Here's a data sample (pandas dataframe), named All_Data:
HoraDTRetirada idpass type
2016-02-17 15:36:00 39579449489 'single'
2016-02-18 19:13:00 39579449489 'single'
2016-02-26 09:20:00 72986744521 'pseudo'
2016-02-27 12:11:00 72986744521 'round'
2016-02-27 14:55:00 11533148958 'pseudo'
2016-02-28 12:27:00 72986744521 'round'
2016-02-28 16:32:00 72986744521 'round'
I would like to count the number of times each category repeats in a "week of year" by user.
For example, if the event happens on a monday and the next event happens on a thursday for a same user, that makes two events on the same week; however, if one event happens on a saturday and the next event happens on the following monday, they happened in different weeks.
The output I am looking for would be in a form like this:
idpass weekofyear type frequency
39579449489 1 'single' 2
72986744521 2 'round' 3
72986744521 2 'pseudo' 1
11533148958 2 'pseudo' 1
Edit: this older question approaches a similar problem, but I don't know how to do it with pandas.
import pandas as pd
data = {"HoraDTRetirada": ["2016-02-17 15:36:00", "2016-02-18 19:13:00", "2016-12-31 09:20:00", "2016-02-28 12:11:00",
"2016-02-28 14:55:00", "2016-02-29 12:27:00", "2016-02-29 16:32:00"],
"idpass": ["39579449489", "39579449489", "72986744521", "72986744521", "11533148958", "72986744521",
"72986744521"],
"type": ["single", "single", "pseudo", "round", "pseudo", "round", "round"]}
df = pd.DataFrame.from_dict(data)
print(df)
df["HoraDTRetirada"] = pd.to_datetime(df['HoraDTRetirada'])
df["week"] = df['HoraDTRetirada'].dt.strftime('%U')
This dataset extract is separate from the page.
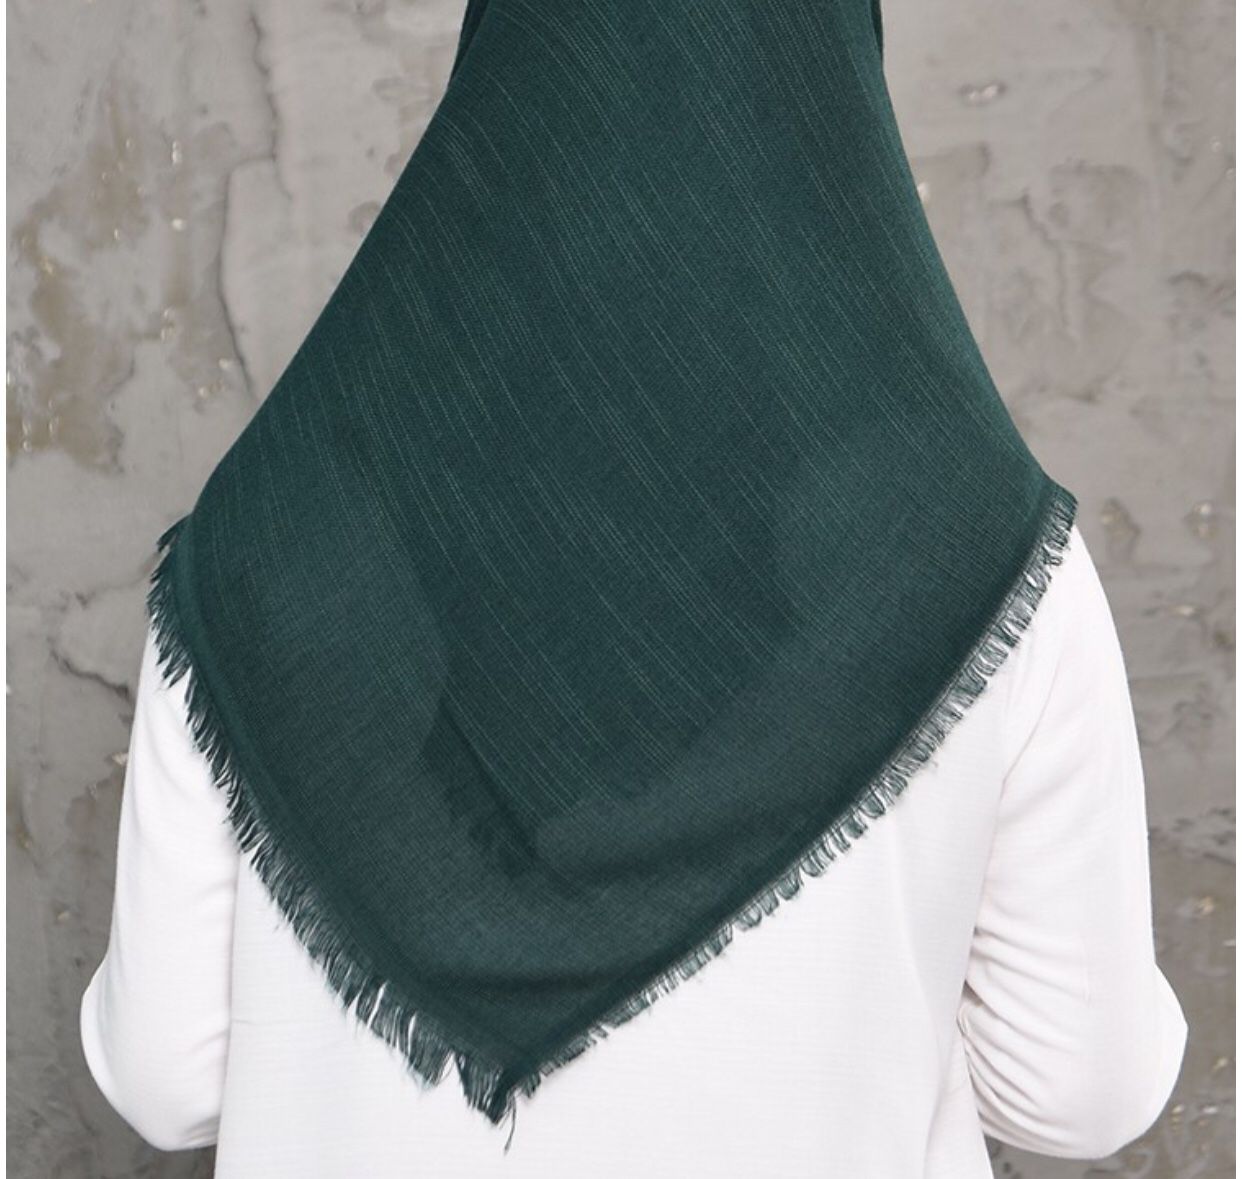 Green dark shawl

k = df.groupby(["idpass", "week", "type"],as_index=False).count()
print(k)
Output:
HoraDTRetirada idpass type
0 2016-02-17 15:36:00 39579449489 single
1 2016-02-18 19:13:00 39579449489 single
2 2016-12-31 09:20:00 72986744521 pseudo
3 2016-02-28 12:11:00 72986744521 round
4 2016-02-28 14:55:00 11533148958 pseudo
5 2016-02-29 12:27:00 72986744521 round
6 2016-02-29 16:32:00 72986744521 round
idpass week type HoraDTRetirada
0 11533148958 09 pseudo 1
1 39579449489 07 single 2
2 72986744521 09 round 3
3 72986744521 52 pseudo 1
This is how I got what I was looking for:
Step 1 from suggested answers was skipped because timestamps were already in pandas datetime form.
Step 2: create column for week of year:
df['week'] = df['HoraDTRetirada'].dt.strftime('%U')
Step 3: group by user id, type and week, and count values with size()
df.groupby(['idpass','type','week']).size()
My suggestion would be to do this:
make sure your timestamp is pandas datetime and add frequency column
df['HoraDTRetirada'] = pd.to_datetime(df['HoraDTRetirada'])
df['freq'] = 1
Group it and count
res = df.groupby(['idpass', 'type', pd.Grouper(key='HoraDTRetirada', freq='1W')]).count().reset_index()
Convert time to week of a year
res['HoraDTRetirada'] = res['HoraDTRetirada'].apply(lambda x: x.week)
Final result looks like that:
EDIT:
You are right, in your case we should do step 3 before step 2, and if you want to do that, remember that groupby will change, so finally step 2 will be:
res['HoraDTRetirada'] = res['HoraDTRetirada'].apply(lambda x: x.week)
and step 3 :
res = df.groupby(['idpass', 'type', 'HoraDTRetirada')]).count().reset_index()
It's a bit different because the "Hora" variable is not a time anymore, but just an int representing a week.